House Bill 1315, the “Emily Brooker Higher Education Sunshine Act,” sponsored by Rep. Jane Cunningham, R-Chesterfield, was named after a Missouri State University student who sued MSU because of a professor’s improper grading. The entire department acted poorly. I offer no defense for this absence of professionalism. It was an incredible anomaly in the big picture. But she sued without engaging the MSU appeals process, and once it was employed, the problem was quickly corrected.
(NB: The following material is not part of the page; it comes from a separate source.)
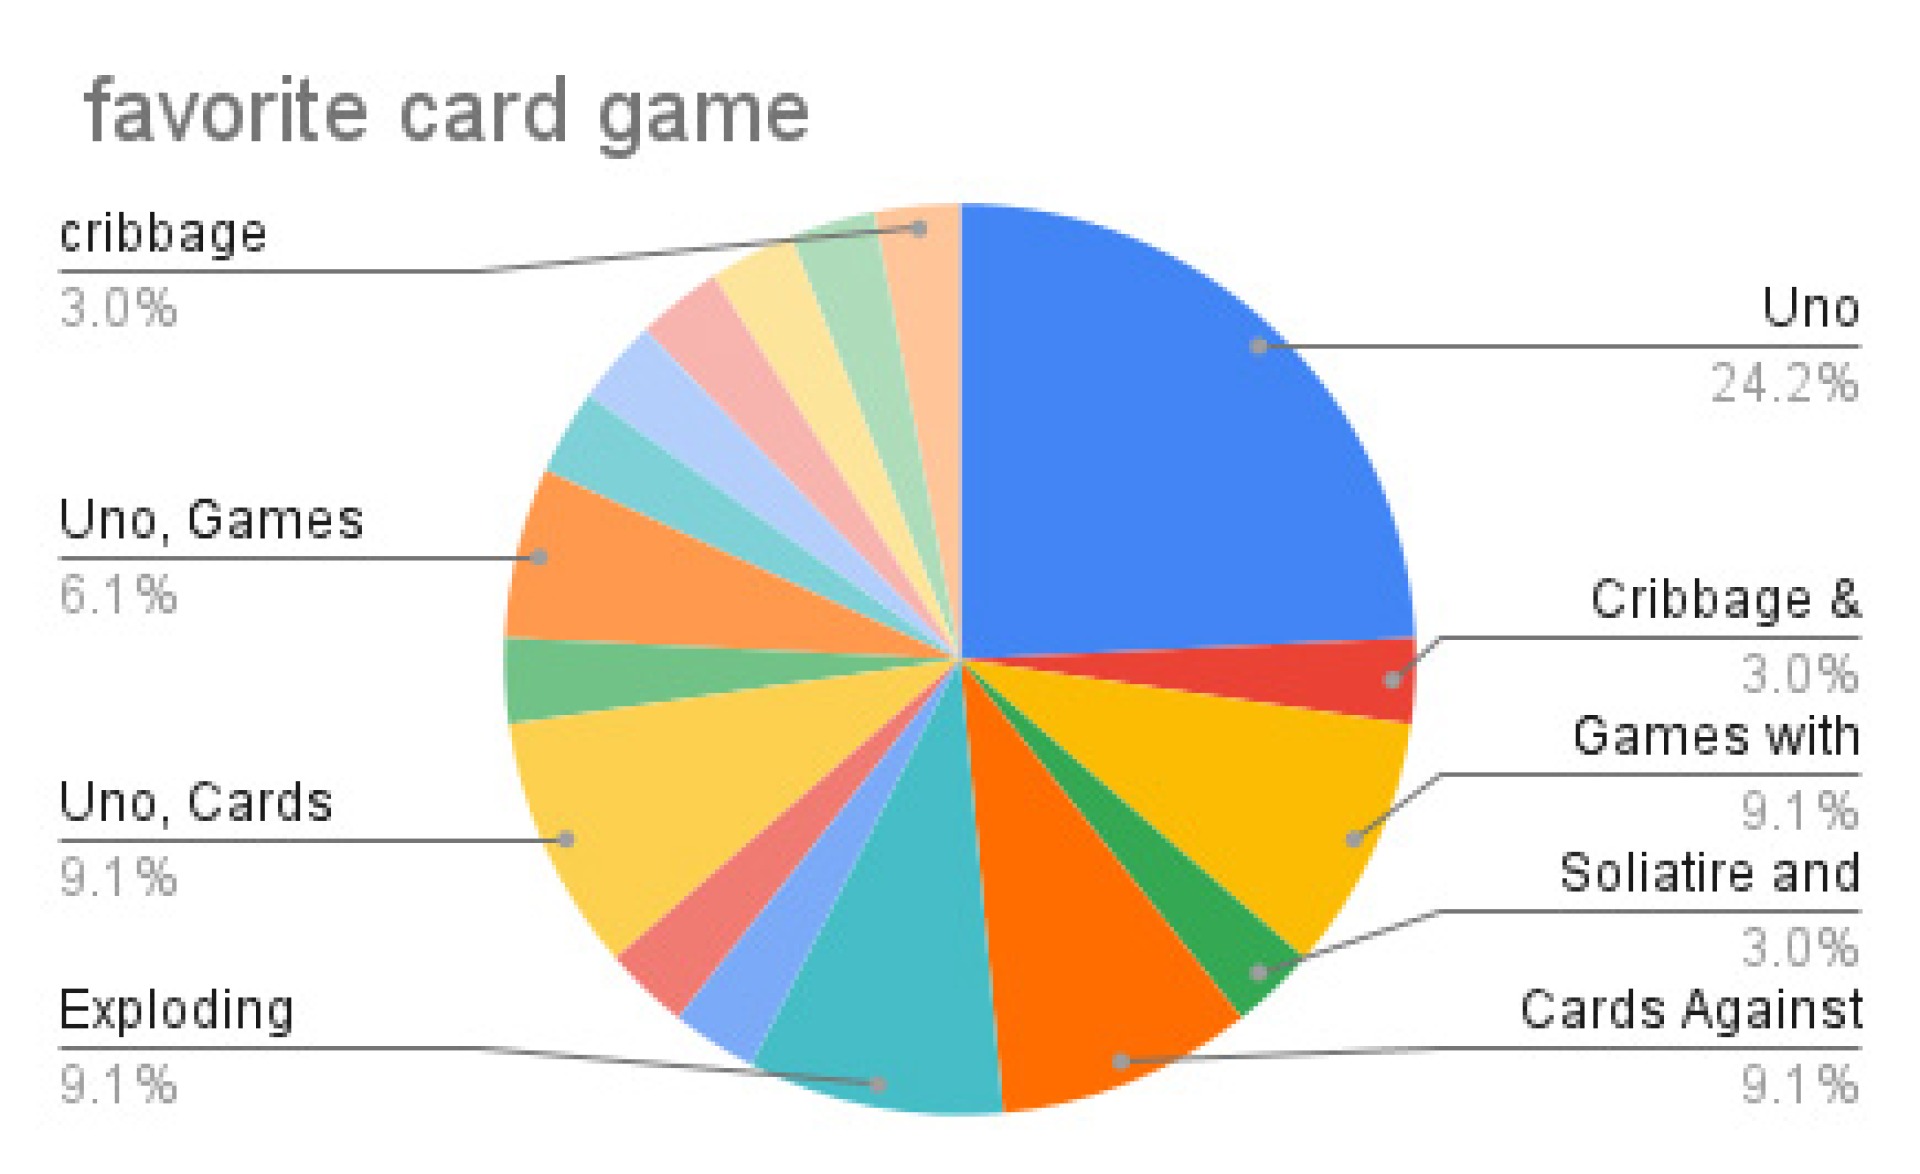 Cribbage 3.0%, Uno, Games 6.1 %, Uno, Cards 9.1 %, Exploding 9.1%, Uno 24.2%, Cribbage & 3.0%, GAmes with 9.1%, Soliatire and 3.0%, Cards Against 9.1%

The bill is a clone of conservative activist David Horowitz’s misnamed Academic Bill of Rights and has been introduced in – and, thankfully, rejected by – 28 states as of this writing. Reduced to its simplest terms, the Brooker Act would do two things. First, it says Missouri colleges and universities need student grade appeal procedures – as if such procedures had not been implemented several decades ago. Second, it actually mandates institutions to annually check in with biased politicians who will evaluate curriculum and, if necessary, impose curricular changes – as if they’re remotely qualified.

It’s been open season on college professors during the last decade. This has resulted in a rising national current of liberal bias charges, especially from those outside the academy. Horowitz is largely responsible with his push for this legislation and his books, “The 101 Most Dangerous Academics in America” and “Indoctrination U.” In addition, he frequently visits college campuses – including the University of Missouri – imploring students to complain about liberal bias. When the Brooker situation became public, this current turned into a perfect storm in Missouri, a time ripe for this misguided legislation.

In reality, this perfect storm is little more than a perfect scam.